Ressources configuration (Lambda).

  • Time (secs) max: 900 (15 minutes)
  • Memory (mb) max: 10240 (10 Gib)
  • Storage (mb) max: 10240 (10 Gib)
  • vCPUs automaticaly scale with memory

Ressources configuration (ECS).

  • Time (mins) max: None
  • Memory (mb) max: 249 856 (244 Gib)
  • Storage (gib) max: 200 (200 Gib)
  • vCPUs (cpu unit) max: 32768 (32 vcpu)
  • see available combinations

Workspace ​

  1. Go to the infra folder (infra/models)
bash
cd infra/models
  1. Create a new workspace. Each model share the same architecture and must be in separated workspace
bash
terraform init

check the list of existing workspace (optional)

bash
terraform workspace list

create a new workspace.

bash
terraform workspace new <model_name>
  1. Select your workspace and initialize it. this will sync your local copy with the deployed terraform state
bash
terraform workspace select <model_name>
bash
terraform init

Plan ​

  1. Plan your deployment. This will create a plan of deployment. if it is a new deployment, make sure everything is created and nothing is destroy

    The plan should read : Plan: 16 to add, 0 to change, 0 to destroy.

bash
terraform plan -var-file="environments/<model_name>.tfvars"
bat
terraform plan -var-file="environments/<model_name>.tfvars" -var os="windows"

Review the plan with an Administrator before the next step to make sure it's all right.

Apply ​

  1. Apply your deployment. Make sure the plan is the same as in the previous step and press yes

    Again, the plan should read : Plan: 18 to add, 0 to change, 0 to destroy.

Windows

make sure to open docker desktop first

bash
terraform apply -var-file="environments/<model_name>.tfvars"
bat
terraform apply -var-file="environments/<model_name>.tfvars" -var os="windows"

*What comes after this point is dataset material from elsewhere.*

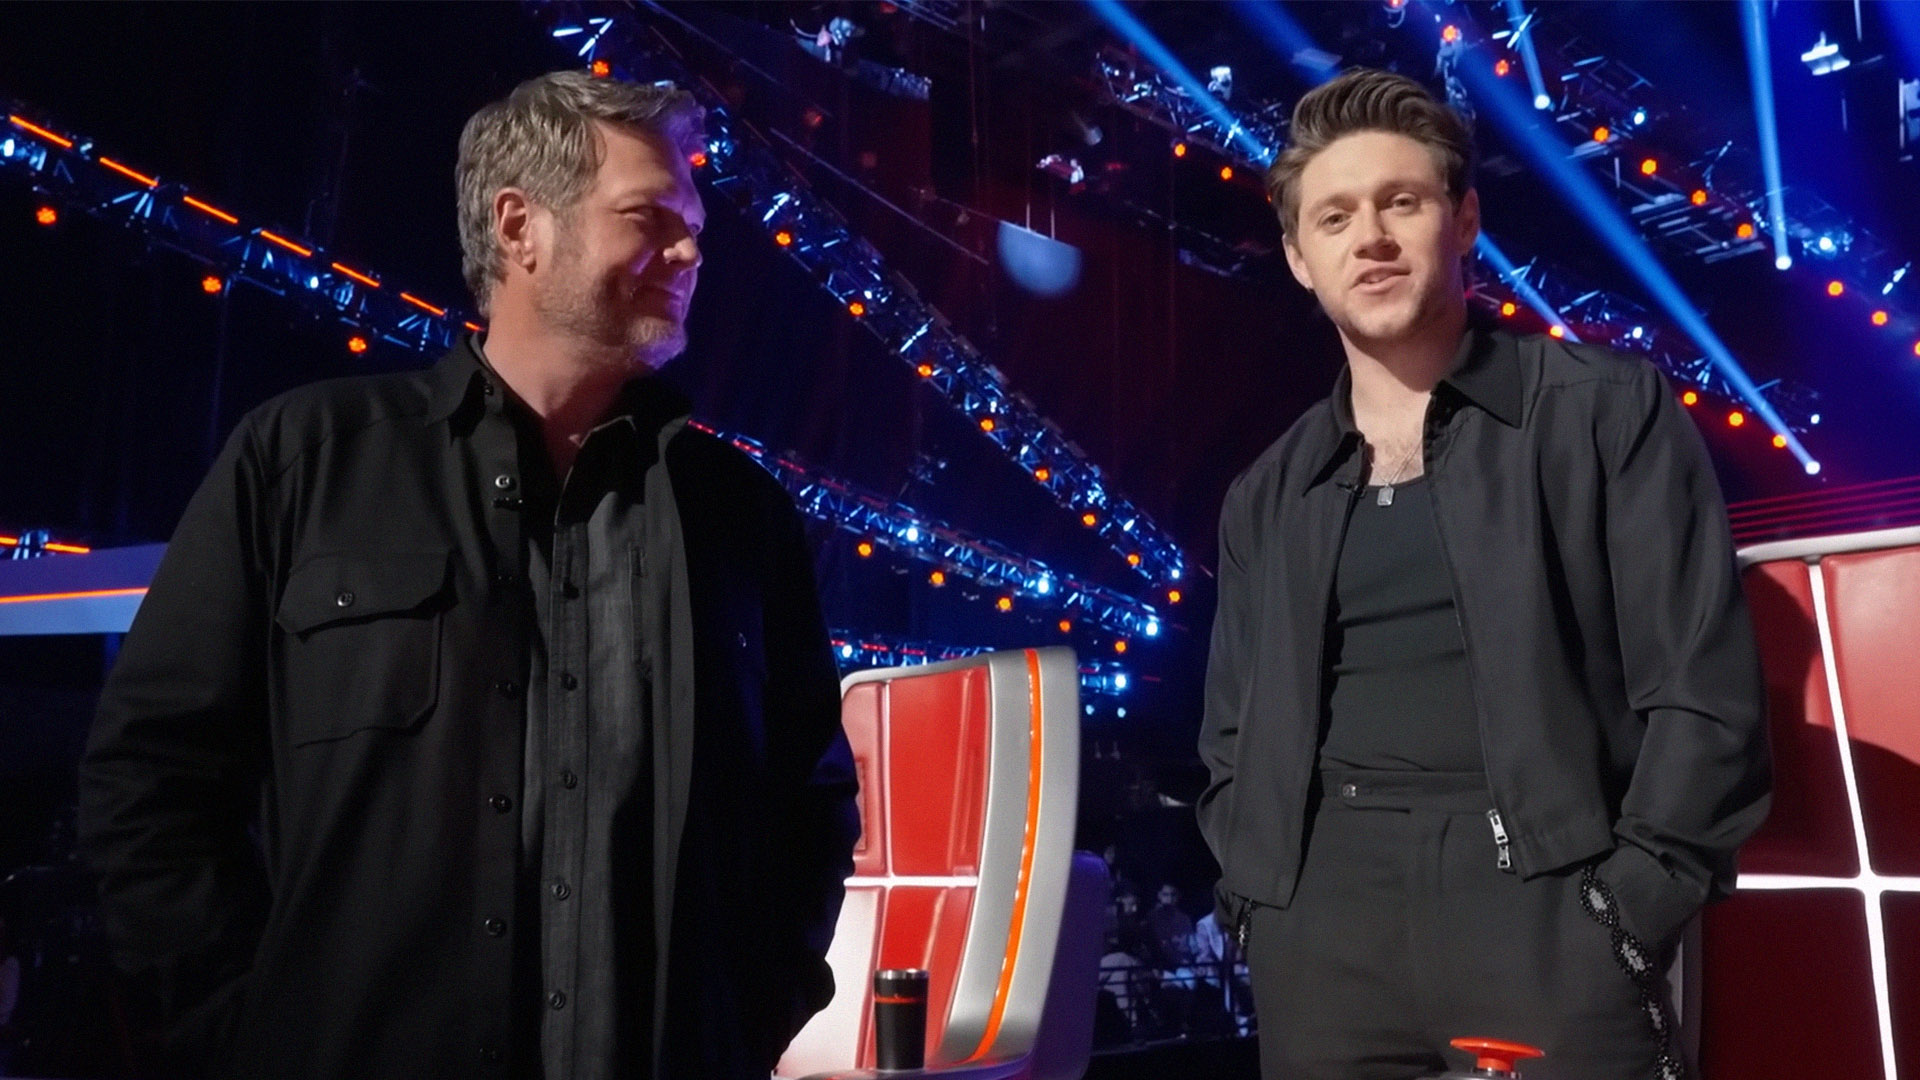 Niall Horan Surprises Blake Shelton with a Gift, Melts The Voice Fans' Hearts

Finish! terraform created: ​

  • S3 bucket named <model_name> (empty).

  • ECR repo to store the model docker image (with dummy docker image).

  • IAM role and policy to add to the cognito user group (for user to acces the model when authenticated).

    • Lambda function (running dummy docker image) with access to the S3 bucket and cloudwatch (logs).
    • Step function to launch the lambda function from the Api.

    or

    • ECS task definition (running dummy docker image) with access to the S3 bucket and cloudwatch (logs).